*** Block opens ***
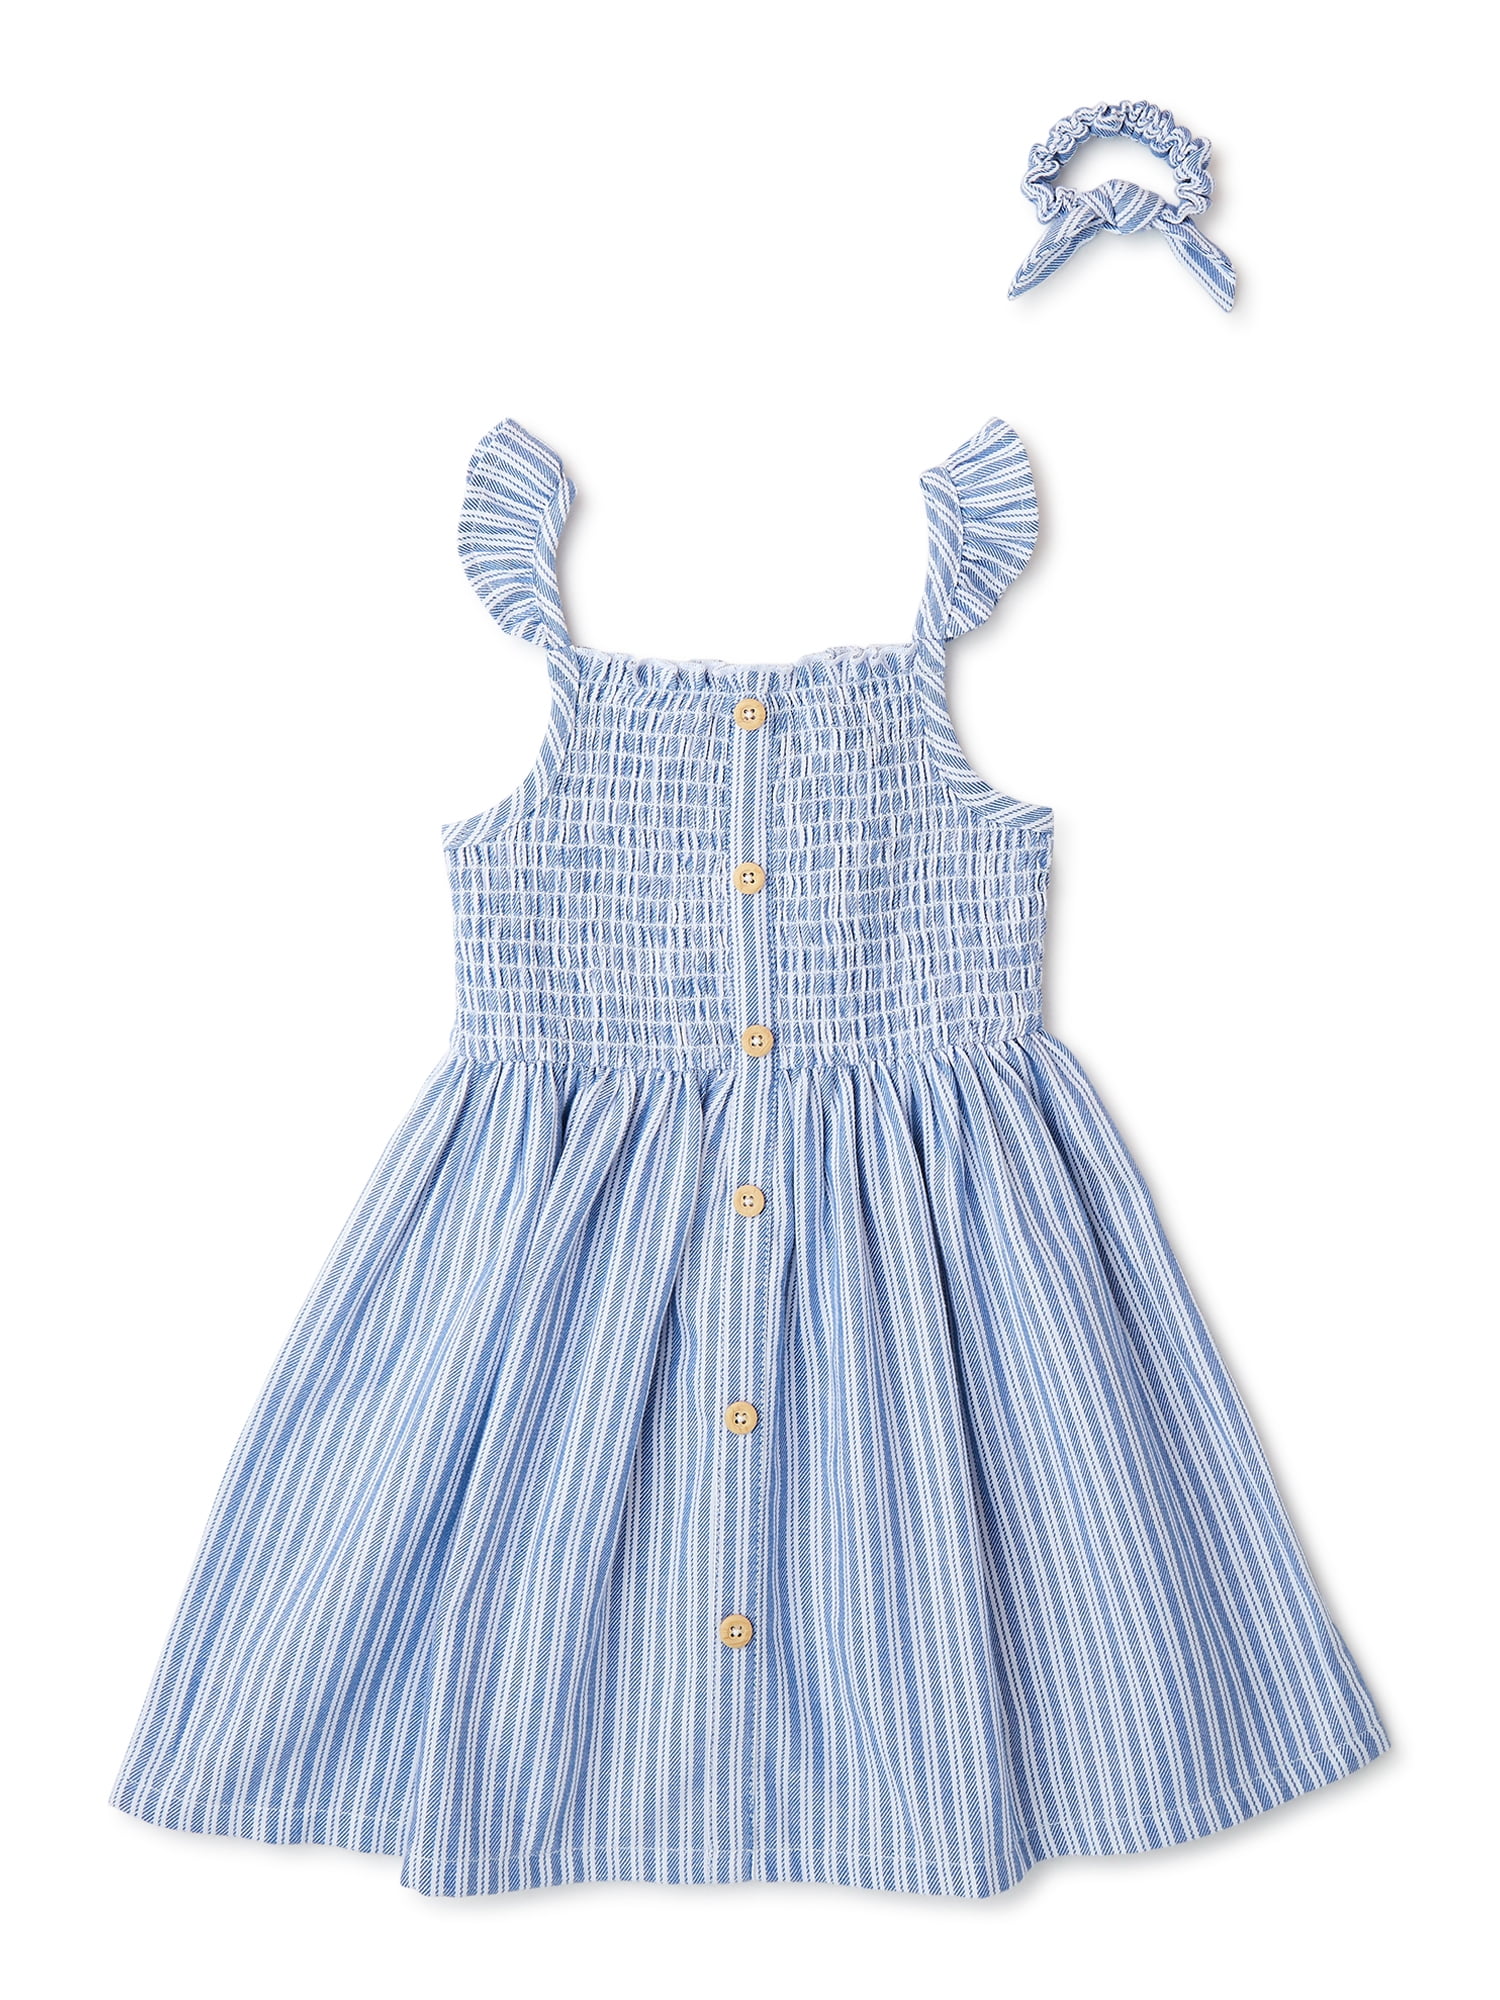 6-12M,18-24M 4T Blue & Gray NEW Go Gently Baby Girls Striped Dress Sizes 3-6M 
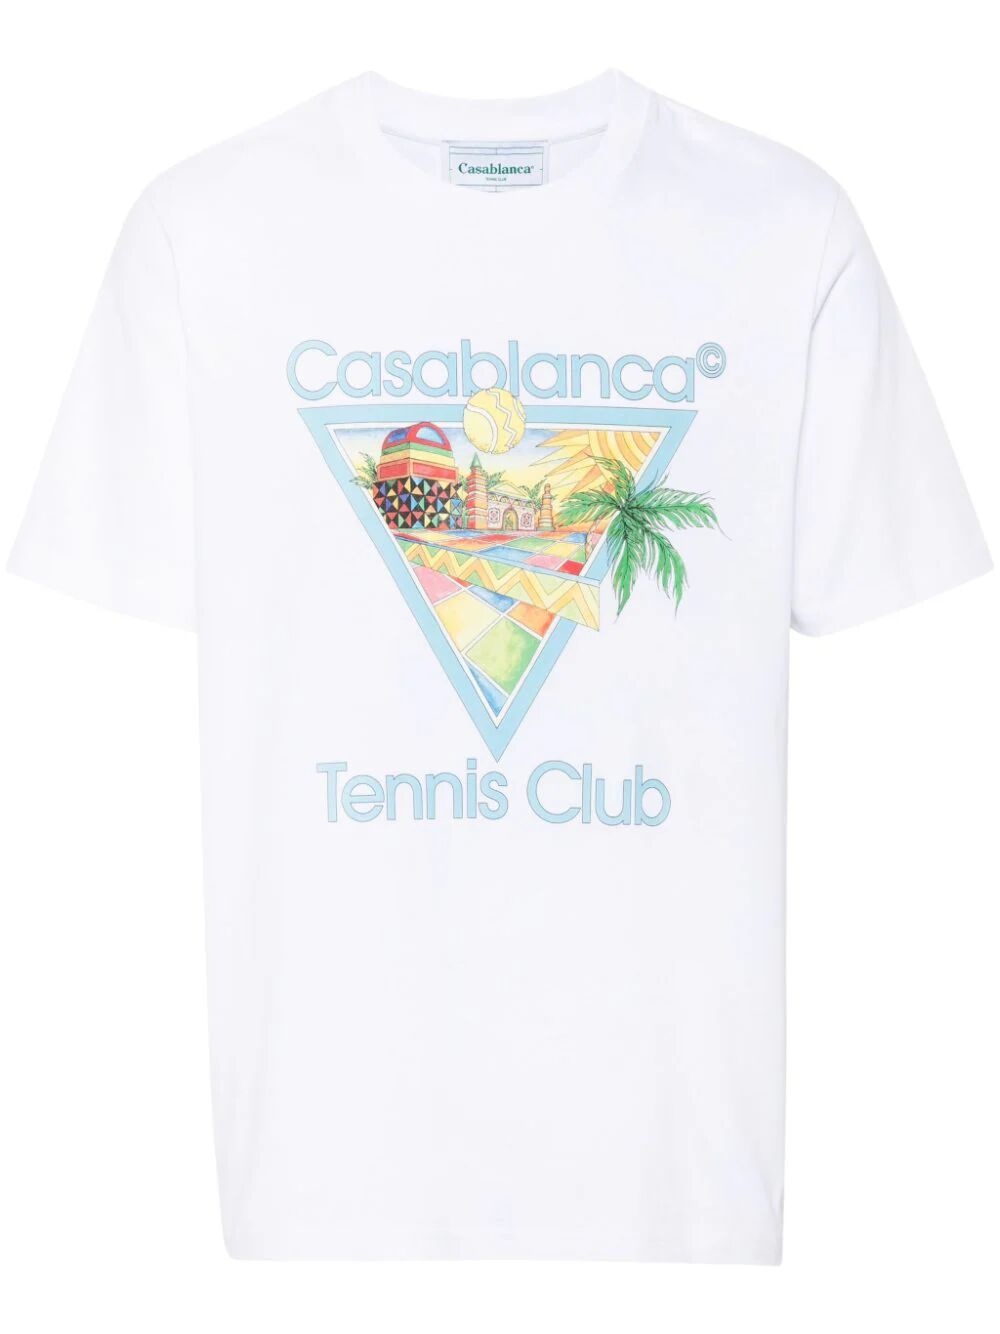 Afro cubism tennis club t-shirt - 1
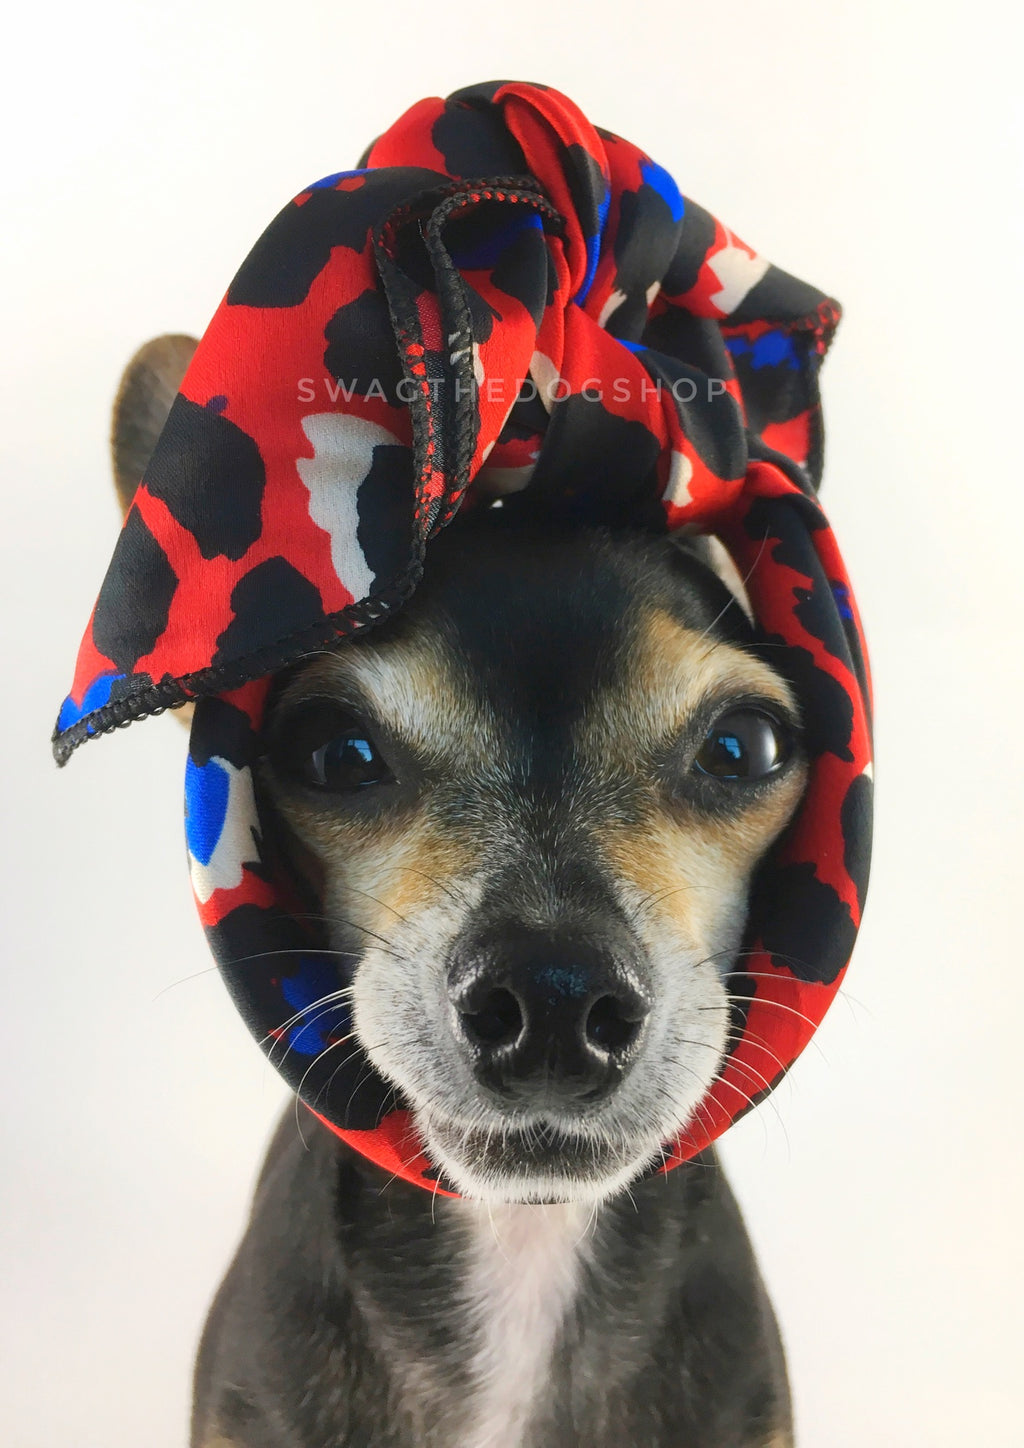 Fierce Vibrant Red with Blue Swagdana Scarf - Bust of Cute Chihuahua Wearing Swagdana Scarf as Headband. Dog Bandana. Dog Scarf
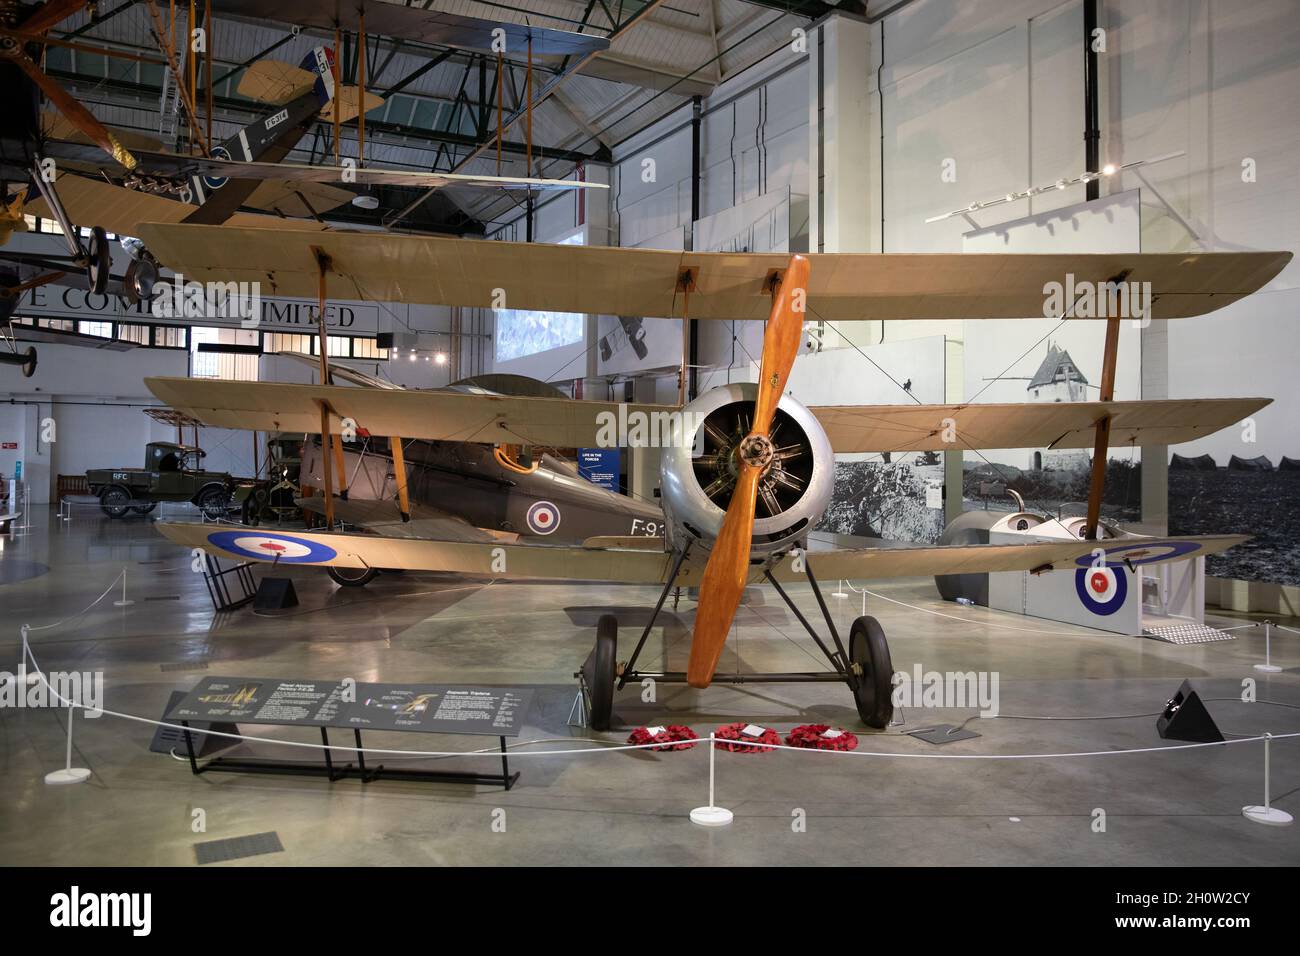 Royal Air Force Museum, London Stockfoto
*** Block closes ***
• **Exercise details**
Pictures in the listing above must be skipped; everything else should be copied exactly.

• **Result for this exercise**
 6-12M,18-24M 4T Blue & Gray NEW Go Gently Baby Girls Striped Dress Sizes 3-6M 
 Afro cubism tennis club t-shirt - 1
 Fierce Vibrant Red with Blue Swagdana Scarf - Bust of Cute Chihuahua Wearing Swagdana Scarf as Headband. Dog Bandana. Dog Scarf
 Royal Air Force Museum, London Stockfoto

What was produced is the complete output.